Pink Pistols: LGBT Gun Owners Unite in Arming Gay Community

Gun ownership is for everyone including women and LGBT folks.

From Rolling Stone:  http://www.rollingstone.com/culture/features/pink-pistols-lgbt-gun-owners-unite-in-arming-gay-community-20160628

Meet national gay group dedicated to fighting homophobia with firepower – and why they think gay rights and gun rights are a natural fit

By
June 28, 2016

I totally smoked that punk!” I thought to myself, after pulling off a few well-placed rounds – 30 or so – in the target’s chest, plus a few more in his head. I felt good, and not just for my excellent aim. Guns have never appealed to me, and I’ve had little exposure to them. But I felt confident in my teacher, Jeff Bloovman, a Philadelphia gun instructor and a member of the Pink Pistols, an LGBT group based around the belief that guns can go a long way in combating homophobia. But here, holding my own against the Glock 34’s concussive revolt, I felt – was it imperviousness? Was I untouchable? Was I taller? Whatever it was, it was exhilarating, and not nearly as frightening as I had imagined.

This, of course, is a large part of the Pink Pistol’s mission: to get LGBT people more comfortable with firearms and encourage them to fight hate crimes with bullets – or at least the threat of them. A small, loosely organized group of a few dozen chapters scattered across the states and Canada, including Toronto, San Francisco and Charleston, South Carolina, the Pink Pistols’ membership has climbed from around 1,500 earlier this month to about 6,500 since the June day Omar Mateen attacked the Pulse nightclub, turning the dance floor into a killing field and crashing together two culture war battlegrounds that rarely converge: gays and guns. While the majority of LGBT people seem to be calling for more regulation, Pink Pistols and their allies are hunkering down and taking up arms, banding together under the group’s motto, a confrontational warning to potential gay-bashers: “Pick on someone your own caliber.”

The Pink Pistols formed around 2000, after gay journalist Jonathan Rauch – still outraged by Matthew Shepard’s 1998 murder, and knowing gay men who stopped attacks with guns – published an article on Salon. “[Gays] should set up Pink Pistols task forces, sponsor shooting courses and help homosexuals get licensed to carry,” he wrote, noting that they should do it in a way to garner as much publicity as possible. And, as an added bonus to self-protection, Pink Pistols could erode tenacious stereotypes, challenging the image of cringing weakness, especially for those who internalized it. “Pink pistols,” he wrote, “would do far more for the self-esteem of the next generation of gay men and women than any number of hate-crime laws or anti-discrimination statutes.”

Rauch went on: “If it became widely known that homosexuals carry guns and know how to use them, not many bullets would need to be fired.
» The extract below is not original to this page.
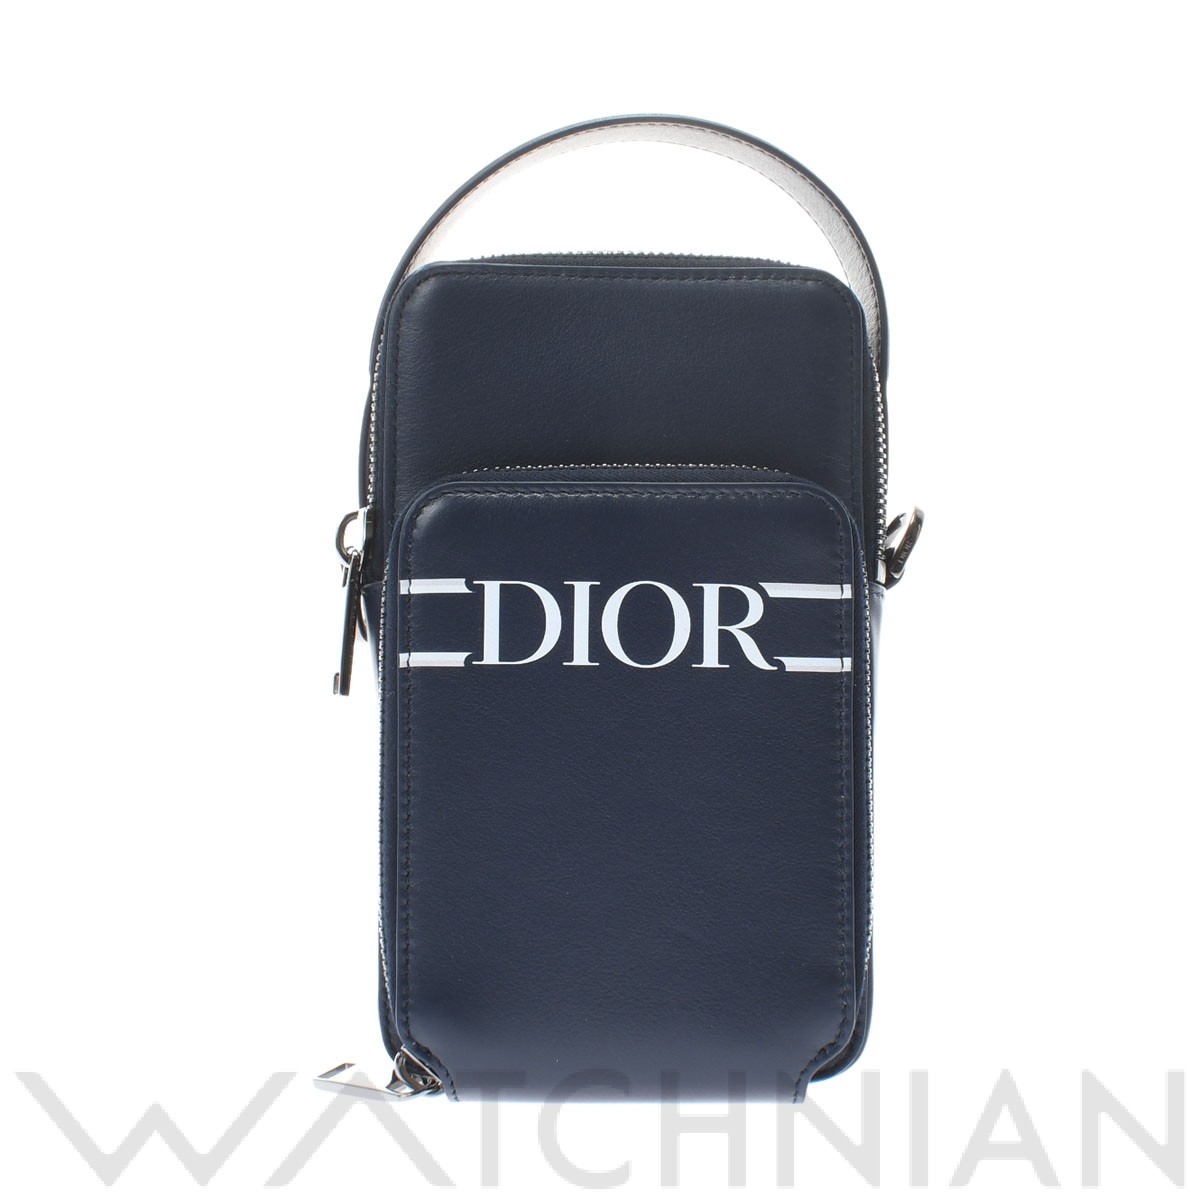 ディオール / Dior RIDER マイクロポーチ ネイビー 2ESCA326VLM_36BU グレインドカーフレザー ユニセックス バッグ  【未使用】【bag】

In fact, not all that many gay people would need to carry guns, as long as gay-bashers couldn’t tell which ones did.” Just knowing that a gay person could have a gun would deter a potential attacker. As Rauch has conceded, same-sex marriage, the end of “Don’t Ask, Don’t Tell” and other milestones have empowered LGBT people, but it remains that anti-gay attacks, like anti-American attacks, can be visited upon us at anytime. (Rauch even used the word “low-level terrorism” to describe homophobic attacks like the one that ended Matthew Shepherd’s life.) LGBT people know that each new space needs to be navigated delicately, lest our mere existence enrage some homophobe. Now, with Omar Mateen, Americans are all too aware how anti-gay violence can explode randomly, terrifyingly, and scar more than just LGBT people.